La parallèle ne passe pas. Le 5 avril 1971, 343 femmes, emmenées par Simone de Beauvoir, publiaient dans les colonnes du Nouvel Observateur, le Manifeste des 343 salopes. Une tribune pour défendre le droit à la contraception et à l'avortement et qui marqua à jamais l'opinion française. Plus de quarante ans plus tard, un nouveau manifeste, signé cette fois par 343 hommes, voit le jour. Mais son intention est bien loin des revendications féministes de l'époque. Europe 1 vous résume l'affaire.
>> C'EST QUOI CE MANIFESTE ?
Ils revendiquent leur droit à "aller aux putes". 343 hommes, célèbres ou moins célèbres, publient un manifeste contre la proposition de loi socialiste visant à pénaliser les clients de prostituées. Initié par Frédéric Beigbeder, le texte, intitulé "Touche à ma pute", a été signé par diverses personnalités de droite comme de gauche.
Le manifeste des 343 salauds" paraîtra jeudi 7 novembre dans le prochain numéro mensuel de Causeur, alors que le texte de loi doit être débattu à l'Assemblé le 27 novembre prochain. Pour rappel, le texte de loi prévoit une amende de 1.500 euros pour les clients des prostituées. Il vise également à protéger les prostituées et à abroger le délit de racolage passif.
Qui sont les signataires ? On retrouve notamment le chroniqueur Eric Zemmour, l'humoriste Nicolas Bedos, l'époux de la désormais célèbre Frigide Barjot, Basile de Koch, le journaliste Ivan Rioufol, le comédien Philippe Caubère, l'écrivain Benoît Duteurtre, ou encore l'avocat de DSK, Me Richard Malka. Si le texte n'est pas encore publié, une ébauche circule sur Internet.

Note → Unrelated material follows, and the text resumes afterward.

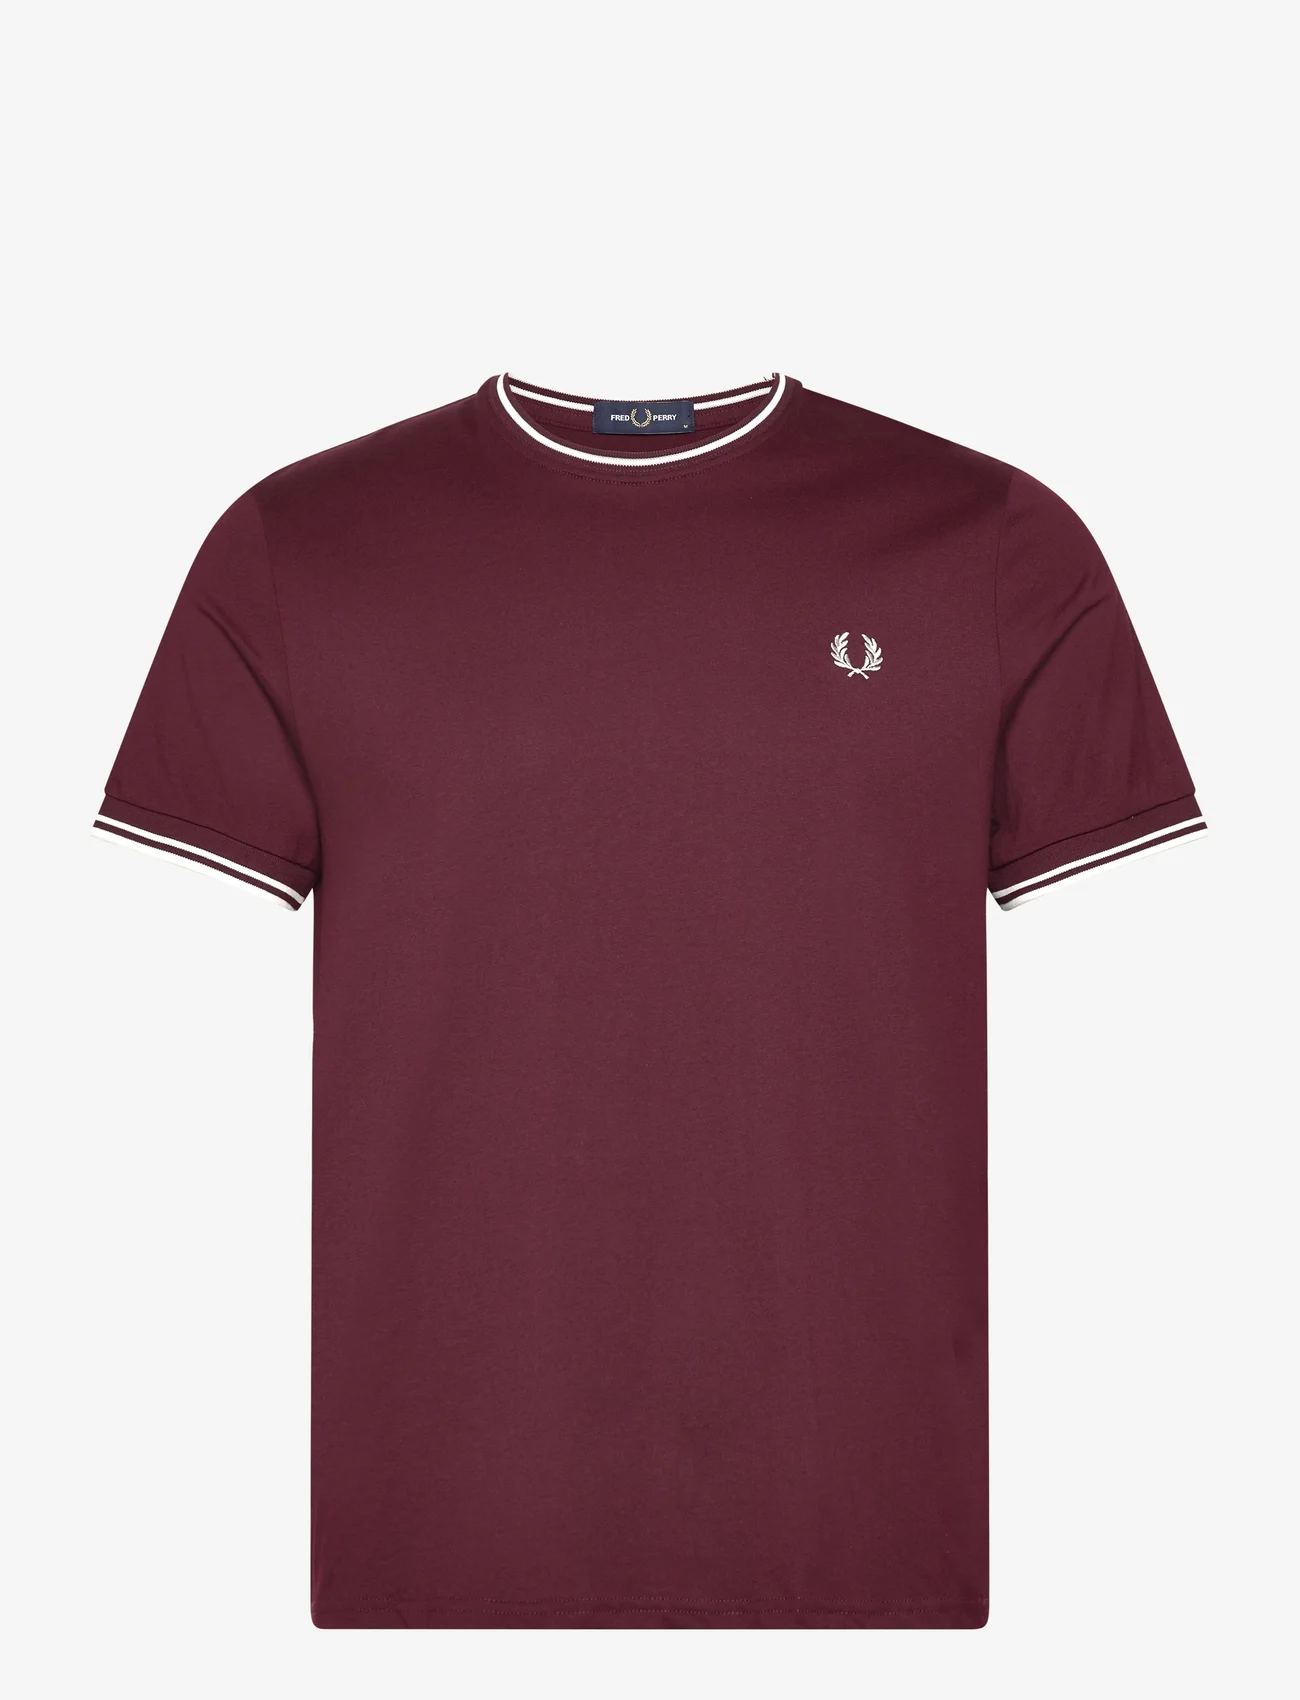 Fred Perry - TWIN TIPPED T-SHIRT - perus t-paidat - oxblood - 0
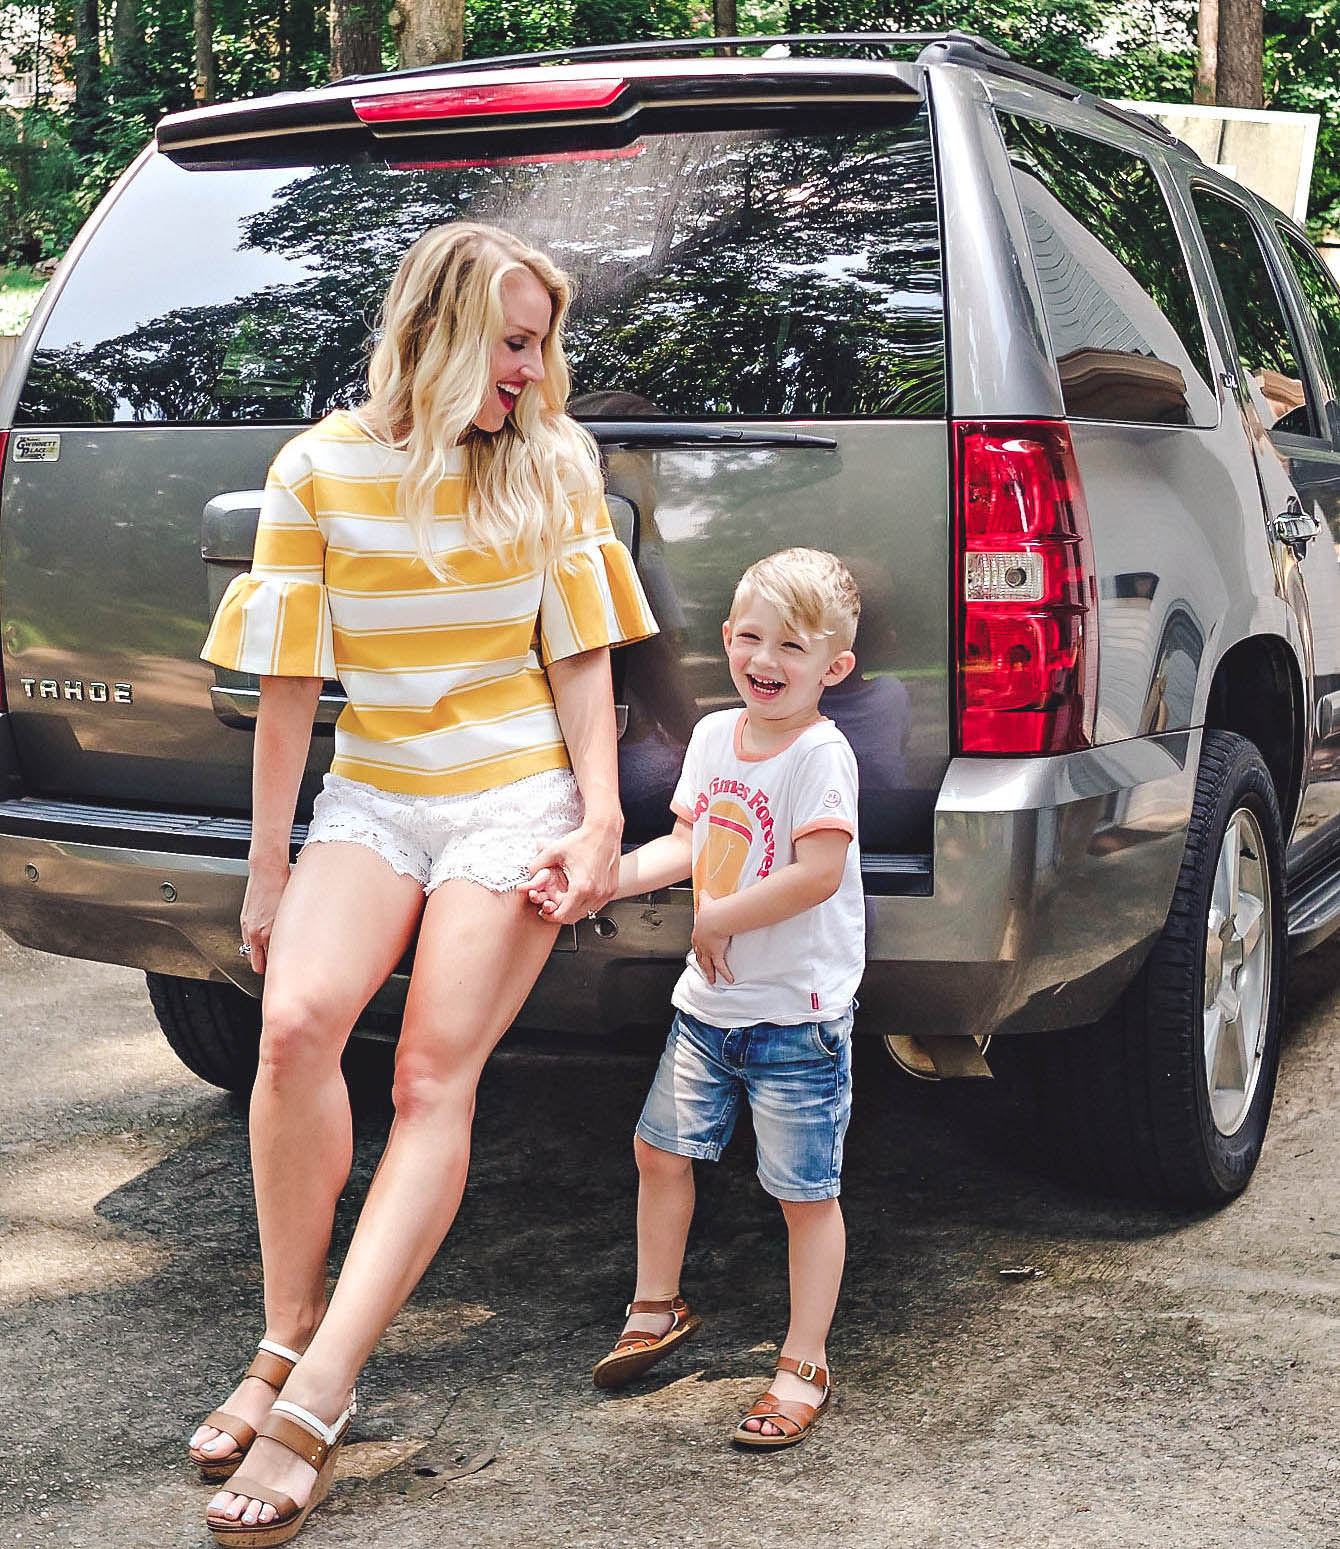 Road Trip Checklist for Kids 4 and Under by popular Atlanta blogger Happily Hughes

"En matière de prostitution, nous sommes croyants, pratiquants ou agnostiques", déclarent les signataires en préambule de leur manifeste. Avant de préciser un peu leur profil. "Homos ou hétéros, libertins ou monogames, fidèles ou volages, nous sommes des hommes. Cela ne fait pas de nous les frustrés, pervers ou psychopathes décrits par les partisans d'une répression déguisée en combat féministe. Qu'il nous arrive ou pas de payer pour des relations charnelles, nous ne saurions sous aucun prétexte nous passer du consentement de nos partenaires", insistent-ils.
Quel est leur message ? En substance, les signataires réclament leur droit d'avoir recours au sexe tarifé."Nous considérons que chacun a le droit de vendre librement ses charmes - et même d'aimer ça. Et nous refusons que des députés édictent des normes sur nos désirs et nos plaisirs. Nous aimons la liberté, la littérature et l’intimité. Et quand l’Etat s’occupe de nos fesses, elles sont toutes les trois en danger", argumente le texte.
La directrice de la rédaction du mensuel Causeur, Élisabeth Lévy, explique dans un communiqué avoir "décidé de batailler par l'humour pour cette cause sérieuse". "Nous ne défendons pas la prostitution, nous défendons la liberté. Et quand le Parlement se mêle d'édicter des normes sur la sexualité, notre liberté à tous est menacée", déclare-t-elle.
>> QUELLES SONT LES RÉACTIONS ?
"Une cause machiste perdue". Avant même d'être publié, la manifeste fait déjà réagir. Associations féministes et membres du gouvernement sont en effet montés au créneau mercredi. En réponse à cette pétition, le collectif Zéromacho, qui revendique 1.881 hommes "engagés contre le système prostitueur", dénonce dans un communiqué des "ringards qui s'amusent à défendre une cause machiste perdue".
"Pouvoir disposer librement de leur corps". Une position partagée par Anne Zelensky, présidente de la Ligue du droit des femmes, qui estime qu'en faisant un parallèle avec le Manifeste de 343 salopes, ce texte humilie les femmes. "Quelle filiation peut-il bien y avoir entre nous, les "salopes" qui réclamions la liberté interdite de disposer de notre corps, et ces "salauds" qui réclament aujourd'hui la liberté de disposer contre rémunération et sans pénalité du corps de certaines femmes", écrit-elle dans une tribune publiée par Le Monde.
Un avis partagé par Najat Vallaud-Belkacem qui a fustigé cette pétition. La porte-parole du gouvernement et ministre des droits des Femmes estime que les deux mouvements sont clairement opposés. "Les 343 salopes réclamaient en leur temps de pouvoir disposer librement de leur corps. Les 343 salauds réclament le droit de disposer du corps des autres.", a-t-elle déclaré mercredi lors du compte rendu du Conseil des ministres. Et d'ajouter que cela "n'appelle aucun autre commentaire".